◆ **TASK TO CARRY OUT**
Below are the entries to retype; reproduce each one exactly.

BEGIN

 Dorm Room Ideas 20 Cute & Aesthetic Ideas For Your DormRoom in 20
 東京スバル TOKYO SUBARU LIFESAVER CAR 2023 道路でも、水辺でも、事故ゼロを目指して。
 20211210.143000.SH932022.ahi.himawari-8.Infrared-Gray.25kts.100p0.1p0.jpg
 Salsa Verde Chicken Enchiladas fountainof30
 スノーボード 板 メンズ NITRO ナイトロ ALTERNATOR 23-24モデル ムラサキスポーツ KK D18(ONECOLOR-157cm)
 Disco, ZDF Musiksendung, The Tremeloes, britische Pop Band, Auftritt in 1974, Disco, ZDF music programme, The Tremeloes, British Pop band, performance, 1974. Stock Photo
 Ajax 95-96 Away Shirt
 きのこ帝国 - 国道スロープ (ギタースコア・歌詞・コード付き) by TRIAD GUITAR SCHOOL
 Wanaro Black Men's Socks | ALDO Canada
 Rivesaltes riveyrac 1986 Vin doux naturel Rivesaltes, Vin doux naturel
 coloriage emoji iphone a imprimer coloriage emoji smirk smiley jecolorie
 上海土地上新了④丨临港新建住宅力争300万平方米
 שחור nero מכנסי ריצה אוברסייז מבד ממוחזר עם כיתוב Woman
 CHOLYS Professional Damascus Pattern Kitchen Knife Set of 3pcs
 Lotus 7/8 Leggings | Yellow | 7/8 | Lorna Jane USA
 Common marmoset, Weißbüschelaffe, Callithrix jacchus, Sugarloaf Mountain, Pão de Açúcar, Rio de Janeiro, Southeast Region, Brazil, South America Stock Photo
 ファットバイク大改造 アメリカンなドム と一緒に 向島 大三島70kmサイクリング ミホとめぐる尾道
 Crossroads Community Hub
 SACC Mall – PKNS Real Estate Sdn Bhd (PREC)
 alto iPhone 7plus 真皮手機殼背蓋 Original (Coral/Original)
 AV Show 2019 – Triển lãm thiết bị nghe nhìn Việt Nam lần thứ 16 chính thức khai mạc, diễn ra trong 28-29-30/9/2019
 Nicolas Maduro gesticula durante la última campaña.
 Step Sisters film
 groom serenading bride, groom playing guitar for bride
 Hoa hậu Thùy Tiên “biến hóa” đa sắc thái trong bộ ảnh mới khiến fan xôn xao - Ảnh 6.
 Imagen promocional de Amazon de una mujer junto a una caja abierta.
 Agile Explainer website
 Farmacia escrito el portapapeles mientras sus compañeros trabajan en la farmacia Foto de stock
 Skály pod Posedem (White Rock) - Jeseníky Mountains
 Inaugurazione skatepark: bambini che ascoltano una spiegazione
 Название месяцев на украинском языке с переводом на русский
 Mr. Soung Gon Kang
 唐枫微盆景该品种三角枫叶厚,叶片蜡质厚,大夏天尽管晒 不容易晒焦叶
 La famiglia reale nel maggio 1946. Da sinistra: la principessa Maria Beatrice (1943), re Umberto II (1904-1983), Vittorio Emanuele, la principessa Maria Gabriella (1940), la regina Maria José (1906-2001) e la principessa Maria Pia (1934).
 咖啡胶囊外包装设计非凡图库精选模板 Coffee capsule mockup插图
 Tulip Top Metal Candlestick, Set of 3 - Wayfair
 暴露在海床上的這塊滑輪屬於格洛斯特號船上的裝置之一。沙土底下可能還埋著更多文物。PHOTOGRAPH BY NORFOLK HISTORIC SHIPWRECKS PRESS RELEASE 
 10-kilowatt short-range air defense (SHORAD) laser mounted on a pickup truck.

END

◆ **RESPONSE FOR THIS EXERCISE**
 Dorm Room Ideas 20 Cute & Aesthetic Ideas For Your DormRoom in 20
 東京スバル TOKYO SUBARU LIFESAVER CAR 2023 道路でも、水辺でも、事故ゼロを目指して。
 20211210.143000.SH932022.ahi.himawari-8.Infrared-Gray.25kts.100p0.1p0.jpg
 Salsa Verde Chicken Enchiladas fountainof30
 スノーボード 板 メンズ NITRO ナイトロ ALTERNATOR 23-24モデル ムラサキスポーツ KK D18(ONECOLOR-157cm)
 Disco, ZDF Musiksendung, The Tremeloes, britische Pop Band, Auftritt in 1974, Disco, ZDF music programme, The Tremeloes, British Pop band, performance, 1974. Stock Photo
 Ajax 95-96 Away Shirt
 きのこ帝国 - 国道スロープ (ギタースコア・歌詞・コード付き) by TRIAD GUITAR SCHOOL
 Wanaro Black Men's Socks | ALDO Canada
 Rivesaltes riveyrac 1986 Vin doux naturel Rivesaltes, Vin doux naturel
 coloriage emoji iphone a imprimer coloriage emoji smirk smiley jecolorie
 上海土地上新了④丨临港新建住宅力争300万平方米
 שחור nero מכנסי ריצה אוברסייז מבד ממוחזר עם כיתוב Woman
 CHOLYS Professional Damascus Pattern Kitchen Knife Set of 3pcs
 Lotus 7/8 Leggings | Yellow | 7/8 | Lorna Jane USA
 Common marmoset, Weißbüschelaffe, Callithrix jacchus, Sugarloaf Mountain, Pão de Açúcar, Rio de Janeiro, Southeast Region, Brazil, South America Stock Photo
 ファットバイク大改造 アメリカンなドム と一緒に 向島 大三島70kmサイクリング ミホとめぐる尾道
 Crossroads Community Hub
 SACC Mall – PKNS Real Estate Sdn Bhd (PREC)
 alto iPhone 7plus 真皮手機殼背蓋 Original (Coral/Original)
 AV Show 2019 – Triển lãm thiết bị nghe nhìn Việt Nam lần thứ 16 chính thức khai mạc, diễn ra trong 28-29-30/9/2019
 Nicolas Maduro gesticula durante la última campaña.
 Step Sisters film
 groom serenading bride, groom playing guitar for bride
 Hoa hậu Thùy Tiên “biến hóa” đa sắc thái trong bộ ảnh mới khiến fan xôn xao - Ảnh 6.
 Imagen promocional de Amazon de una mujer junto a una caja abierta.
 Agile Explainer website
 Farmacia escrito el portapapeles mientras sus compañeros trabajan en la farmacia Foto de stock
 Skály pod Posedem (White Rock) - Jeseníky Mountains
 Inaugurazione skatepark: bambini che ascoltano una spiegazione
 Название месяцев на украинском языке с переводом на русский
 Mr. Soung Gon Kang
 唐枫微盆景该品种三角枫叶厚,叶片蜡质厚,大夏天尽管晒 不容易晒焦叶
 La famiglia reale nel maggio 1946. Da sinistra: la principessa Maria Beatrice (1943), re Umberto II (1904-1983), Vittorio Emanuele, la principessa Maria Gabriella (1940), la regina Maria José (1906-2001) e la principessa Maria Pia (1934).
 咖啡胶囊外包装设计非凡图库精选模板 Coffee capsule mockup插图
 Tulip Top Metal Candlestick, Set of 3 - Wayfair
 暴露在海床上的這塊滑輪屬於格洛斯特號船上的裝置之一。沙土底下可能還埋著更多文物。PHOTOGRAPH BY NORFOLK HISTORIC SHIPWRECKS PRESS RELEASE 
 10-kilowatt short-range air defense (SHORAD) laser mounted on a pickup truck.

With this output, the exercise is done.